- NES cover art
- Developer: Beam Software
- Publishers: Melbourne House Mindscape Mattel (NES)
- Composers: NES Gavan Anderson Tania Smith
- Platforms: Commodore 64, MS-DOS, NES, ZX Spectrum
- Release: 1987
- Genre: Beat 'em up
- Mode: Single-player

= Bad Street Brawler =

1987 video game

Bad Street Brawler is a beat 'em up video game published by Mattel in 1989 for the Nintendo Entertainment System. It was originally released for home computers as Bop'n Rumble in North America and as Street Hassle in Europe.

Versions were released in 1987 for the ZX Spectrum and Commodore 64 by Melbourne House in Europe and for the C64 and MS-DOS by Mindscape in North America. The Nintendo Entertainment System conversion from Mattel followed in September 1989. It is one of only two games specifically designed for use with Mattel's Power Glove.

==Gameplay==

In-game screenshot

The player assumes the role of Duke Davis (the back of the box calls him Duke Dunnegan), who goes from stage to stage beating up gangsters that get in his way. He is dressed in a yellow tank top, sunglasses, and yellow pants, and is described as a former punk rocker and the "world's coolest" martial artist.

Before each stage, a quote is presented (e.g., "Never trouble trouble until trouble troubles you"). The player fights a variety of enemies, such as gorillas and circus dwarves that can throw hammers (old ladies in the computer versions throw purses). There are a total of 15 stages.
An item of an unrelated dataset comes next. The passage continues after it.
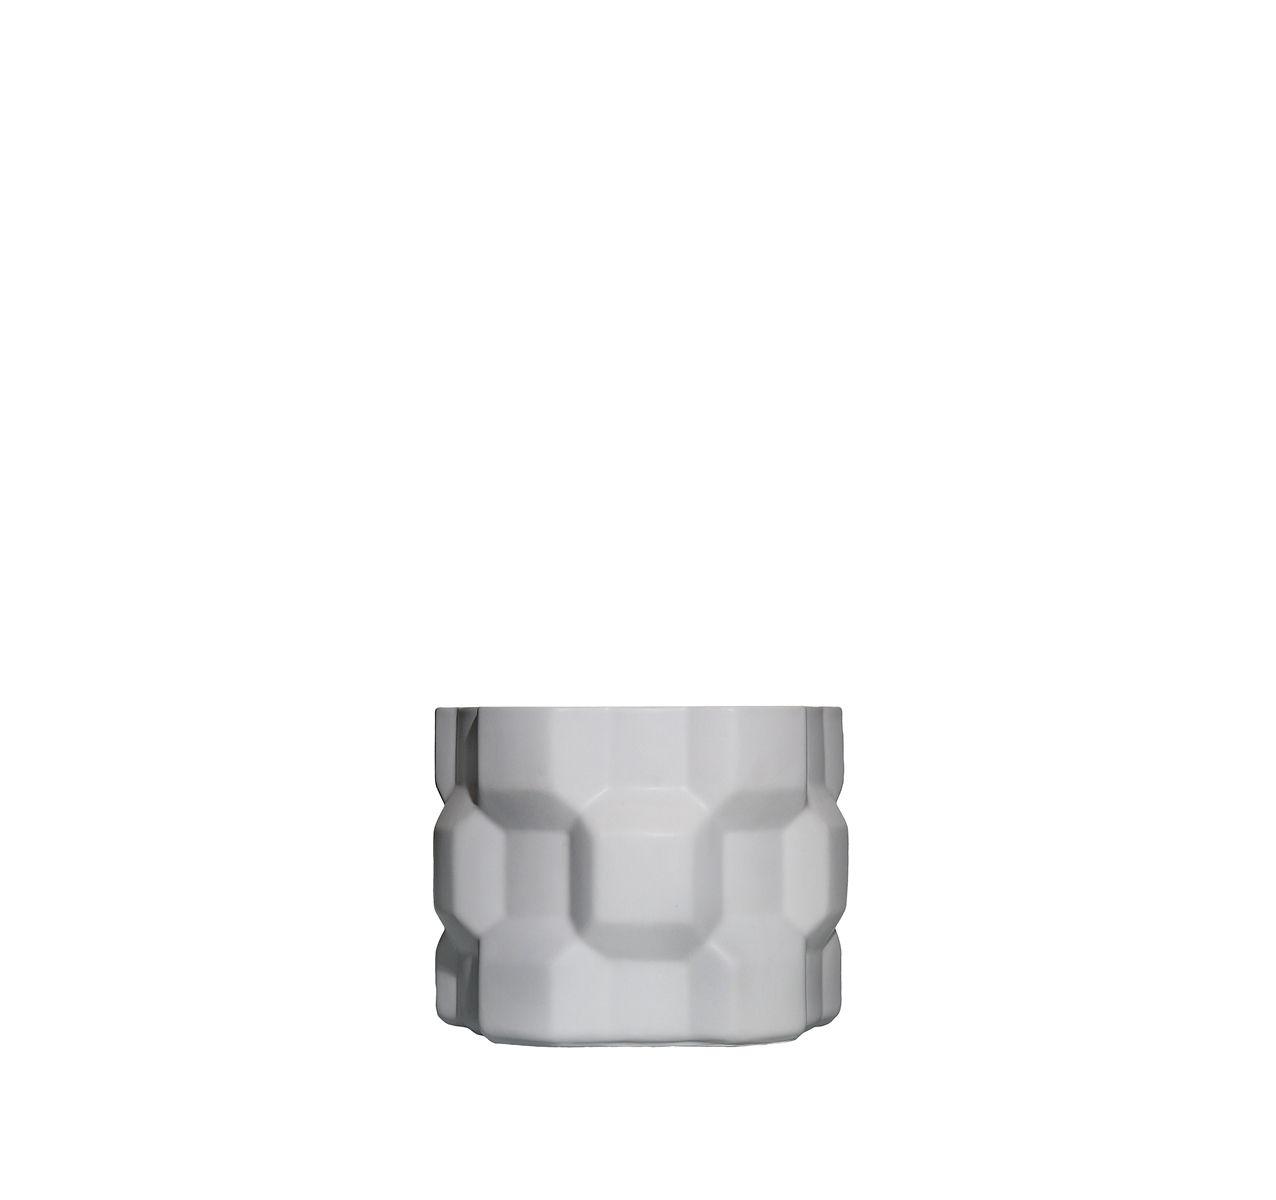 Gear Vase Matt White, Glossy White
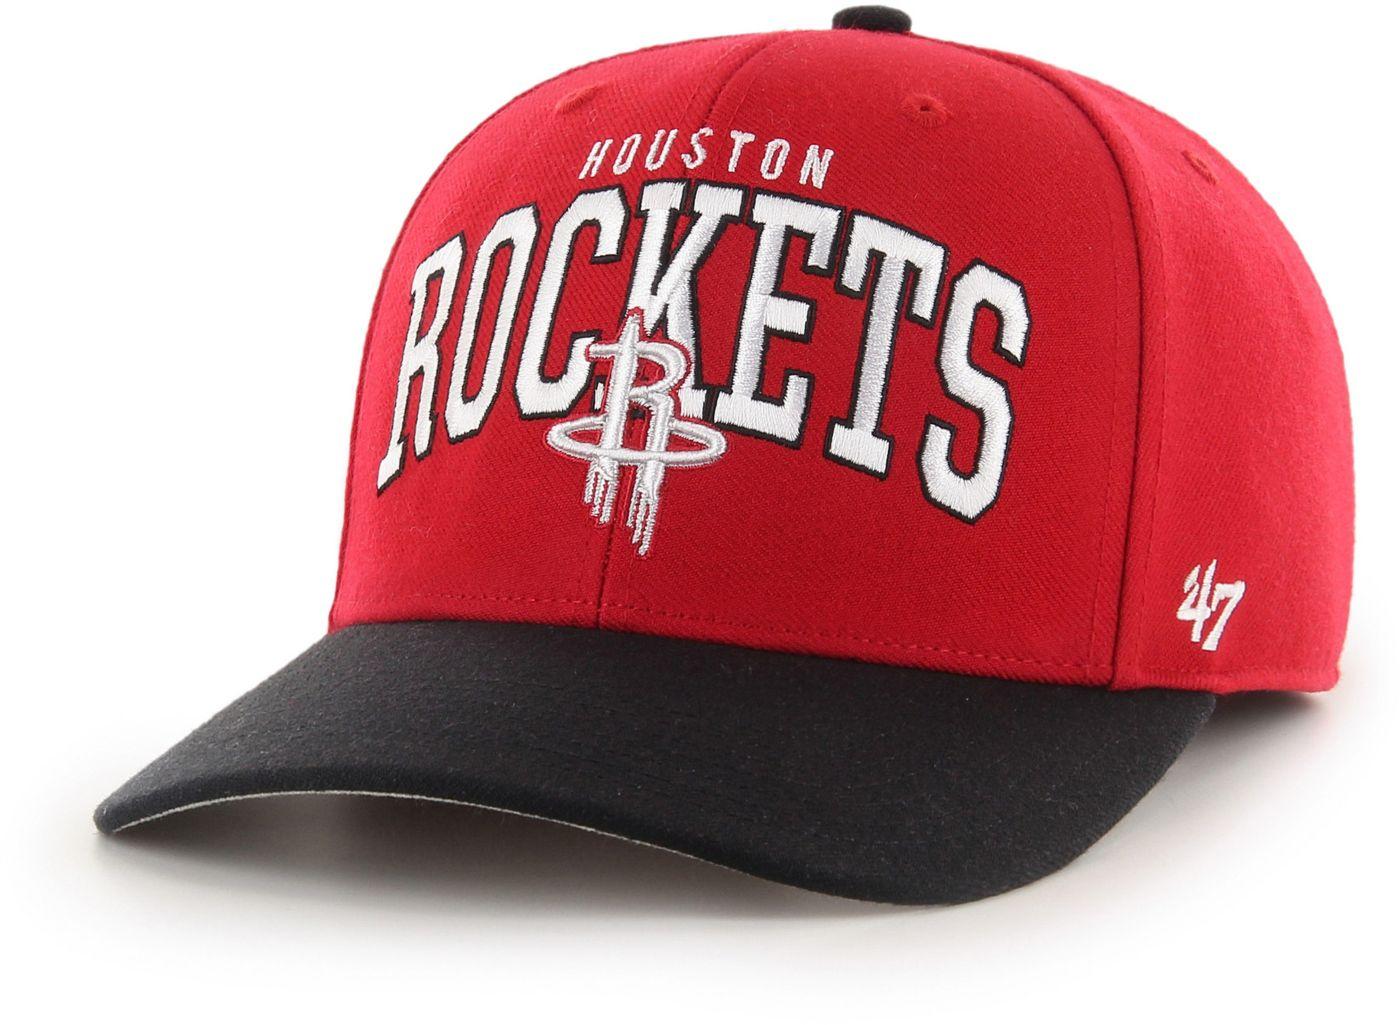 47 Men's Houston Rockets MVP Adjustable Hat

Moves include the "bull ram" attack and "trip" move.

== Development ==
Coverage of the Nintendo version was set to be announced at the Winter CES 1988 by Mindscape, but was pulled at the Summer CES 1988, and a conversion of the arcade game Paperboy took its place.

==Reception==
Electronic Gaming Monthlys Seanbaby placed it as number 16 in his "20 worst games of all time" feature.

Zzap!64 called it "A extremely strange but enjoyable beat 'em up", giving it an overall score of 80%.